Proposta de privatização da Azores Airlines rejeitada pela SATA

O presidente do conselho de administração da SATA, Tiago Santos, manifestou a sua oposição à proposta de privatização da Azores Airlines apresentada pelo consórcio Atlantic Connect Group. Em declarações feitas durante uma entrevista no Telejornal da RTP/Açores, Santos afirmou que a proposta “não serve os interesses da companhia, dos açorianos e do Governo Regional”.

O júri responsável pela privatização da Azores Airlines recomendou a rejeição da única proposta admitida no concurso, considerando que esta não salvaguarda os interesses da SATA e da região.

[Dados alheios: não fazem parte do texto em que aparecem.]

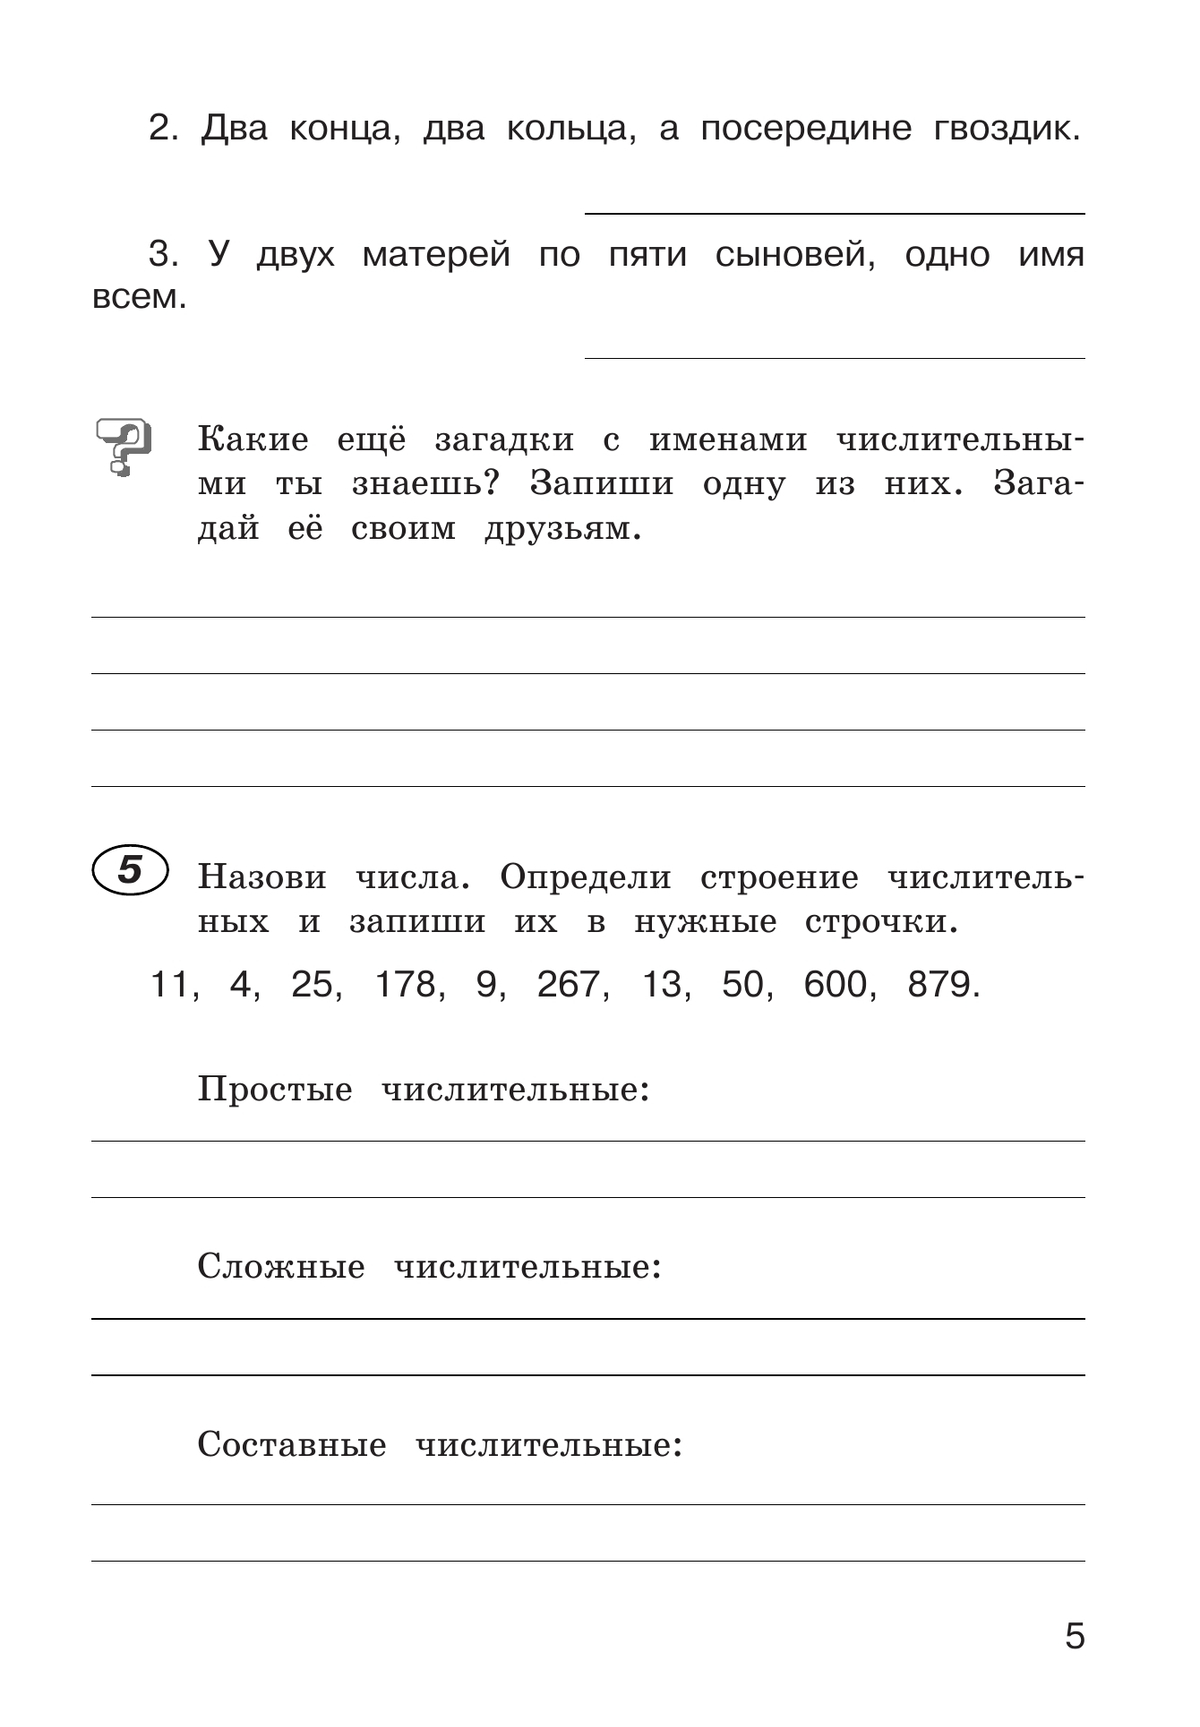 Рабочая тетрадь по русскому языку. 4 класс. В 2 частях. Часть 2 5

Segundo o júri, a proposta colocaria a companhia aérea e a região “numa posição globalmente mais desfavorável” em comparação com a proposta anterior do mesmo consórcio, apresentada em 2023.

Tiago Santos destacou que a proposta final inclui “um conjunto de propostas adicionais” que não foram discutidas previamente e que transferem mais responsabilidades para o Governo Regional e para a SATA. Um dos pontos críticos levantados pelo presidente da SATA é a questão do preço, que, embora tenha sido incrementado, é considerado “não garantido”. O pagamento à SATA Holding dependerá de várias evoluções financeiras da Azores Airlines após a privatização.

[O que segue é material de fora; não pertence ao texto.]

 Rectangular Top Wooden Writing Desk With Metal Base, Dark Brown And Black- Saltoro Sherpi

Outro aspeto relevante é a falta de um aumento significativo de capitalização por parte do consórcio. Santos recordou que a proposta inicial previa uma injeção de 15 milhões de euros, mas a nova proposta não contempla qualquer valor a ser injetado na companhia. Além disso, a proposta altera a garantia de que todos os colaboradores da Azores Airlines seriam integrados pelo consórcio privado, uma vez que agora se prevê que os trabalhadores não voadores permaneçam na SATA Holding.

O presidente da SATA também criticou a proposta que impõe à companhia a responsabilidade por custos de manutenção futuros, mesmo quando a gestão estiver a cargo do operador privado. Santos expressou confiança na capacidade do júri para fazer uma avaliação independente da proposta recebida e afirmou que a SATA está preparada para avançar com o “plano A” ou, se necessário, com um “plano B”, que inclui a negociação particular ou venda direta.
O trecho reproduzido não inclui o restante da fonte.